One May I was sitting at a table on a sidewalk in Rome having a family-style lunch with a friend and enjoying the beautiful weather when she ordered the grilled vegetable plate. I remember that I didn’t expect a whole lot from the dish. I also remember that I was really, really wrong.
That dish of simply-dressed vegetables held a revelation. A single bite of zucchini contained the flavor of every zucchini I’d previously eaten during the course of my life. The peppers and eggplant were similar flavor bombs, and, as the trip progressed and we had more opportunities to sample the local produce, I learned about the unique nature of Italian vegetable cultivars. Here was a country in which farmers grew vegetables solely to be delicious. When we came across a display of garden vegetable seeds, I stocked up.

These Romano pole beans are descended from that first purchase. Every year it is inevitable that I will miss a few here and there, and I’ve learned to just let them go until they reach maturity so I can harvest the seeds when the vines die and replant the next year. The flavor is still wonderful, reminding me of the pole beans we used to pick at my Grandmother’s farm when I was little. You have to go to farmers’ markets now to find anything like them. The beans in the grocery stores are typically bland, assuming you can even find pole beans, which can be great if you want to make a strongly-flavored dressing, but not if you want to taste beans.

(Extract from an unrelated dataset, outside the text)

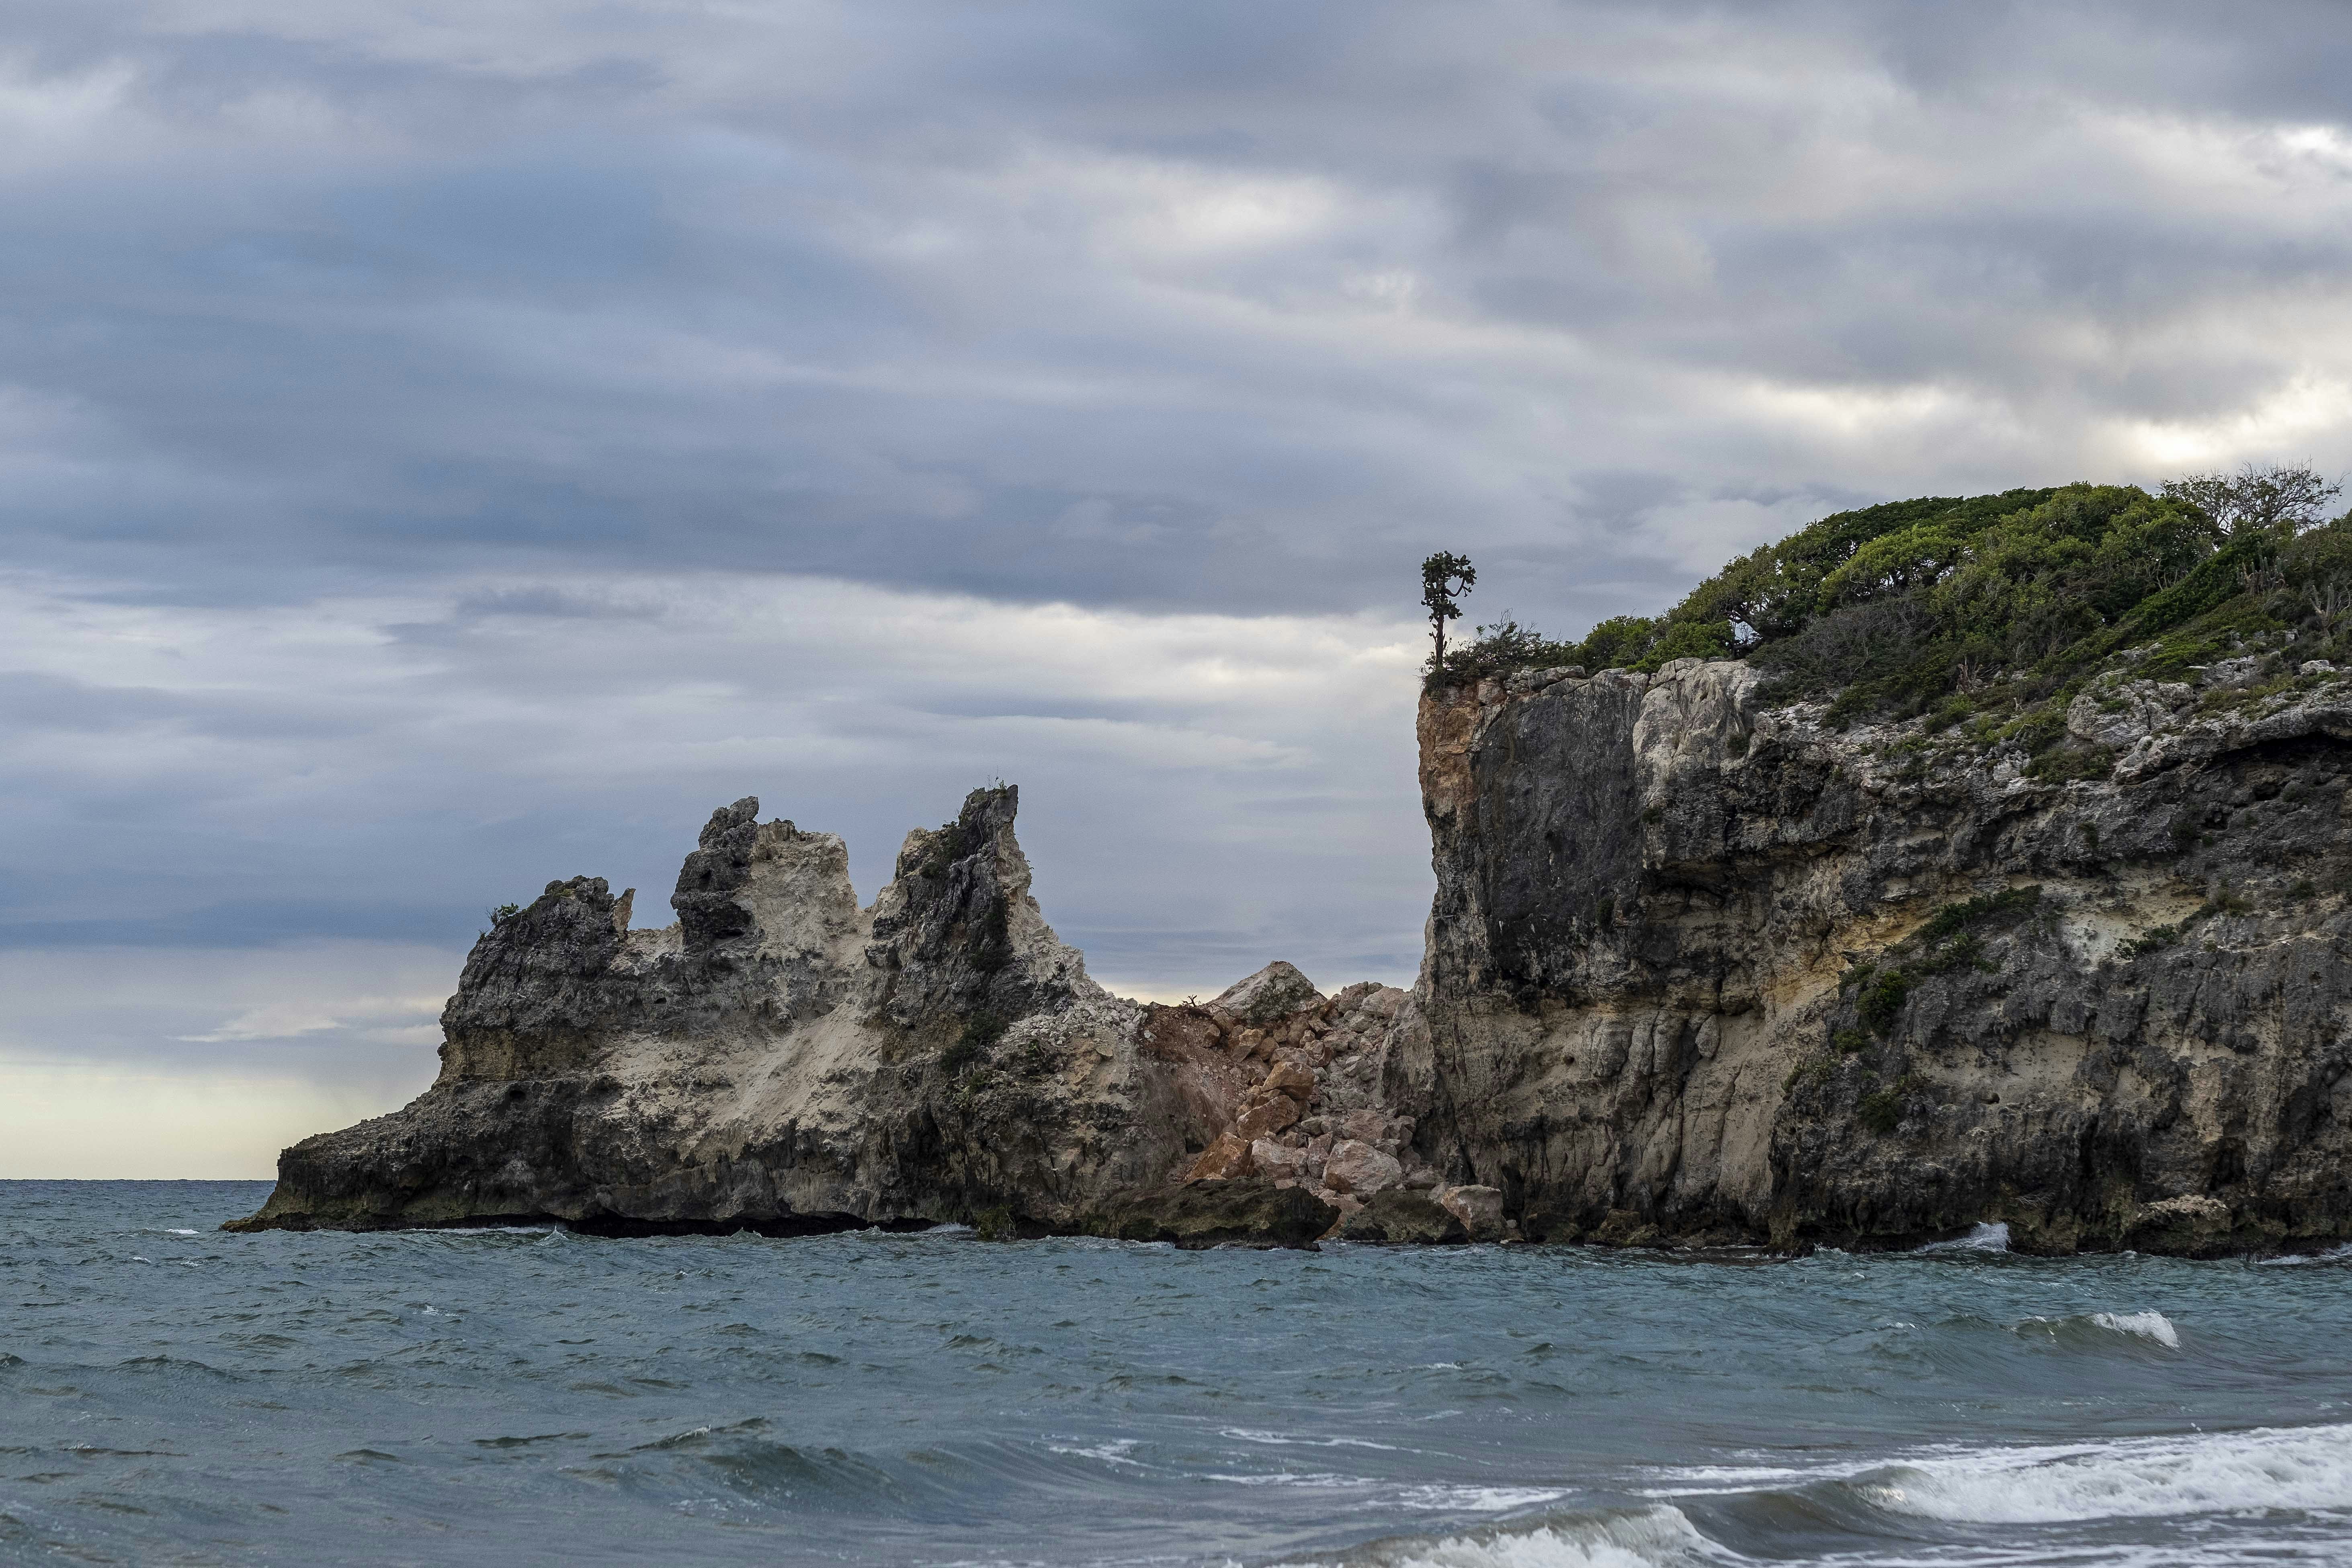 The collapsed rubble of what was once a natural sea arch known as Punta Ventana in Puerto Rico
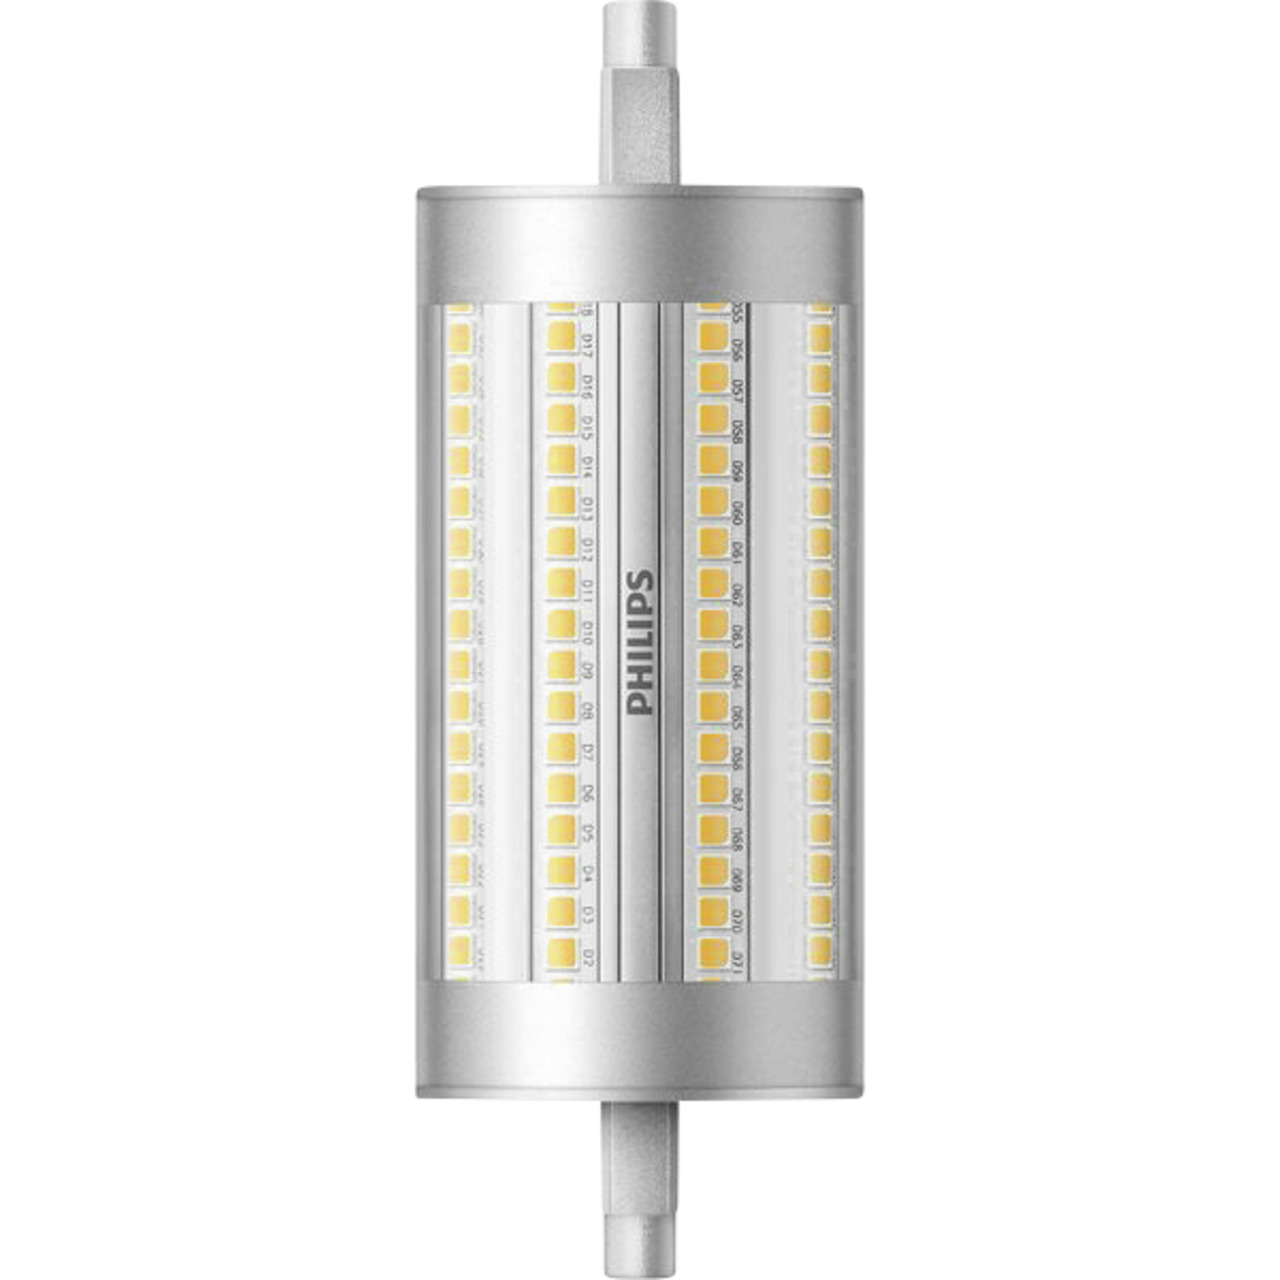 Philips CorePro LED 17-5-W-R7s-LED-Lampe- 118 mm- warmweiss- dimmbar

Last year after the first hard freeze, the entire garden got a layer of compost and rotting straw for the winter. As the plots were planted this spring and summer, another round of compost and some leaf mulch left over from the yard landscaping went in to feed everything and retain some moisture.
This year I planted the beans in two plots that were used for tomatoes and potatoes last year. The cold and wet spring weather of the past few years has led to bacterial rot in a lot of my Solanaceous plants, particularly the tomatoes and peppers, so I’m trying to be very careful about rotating plant families between the plots. I waited two weeks between plantings, hoping to extend the pole bean season which tends to be fairly short. We’ll see how that works out.

Here you can see the bean-covered structures behind the kale and zucchini, one in front of and to the left of the other. As the plants grew I built the trellises using some slender but strong bamboo poles that my husband had left over from a project. It felt quite virtuous to recycle and use renewable resources, but they are not as sturdy as I had hoped, or, perhaps, bean vines are heavier than I realized. Even if I harvest very carefully with clippers, the entire structures sway precariously with the slightest bump. Fingers crossed we don’t have any strong winds.
I should also note that the dead bean vine in the middle of the front trellis is the victim of Benjamin Bunny. I don’t do anything to exclude the rabbits from the garden because they have been really good about leaving my plants alone in the past. This year someone got a taste for bean shoots, cut off my young plants in plot #2 at least twice, and took out a couple of longer vines from plot #1 by snipping them off close to the ground. The plants in the second plot branched really nicely and have recovered enough to be producing. That brown vine in plot #1 was not so lucky; it must have been cut off below a meristem. Fortunately, there are still lots of beans to be had.

Wash, snap, steam, butter, and coarse salt. The Italian vegetables do all the hard work for you, so you can prepare them very simply and have a wonderful meal.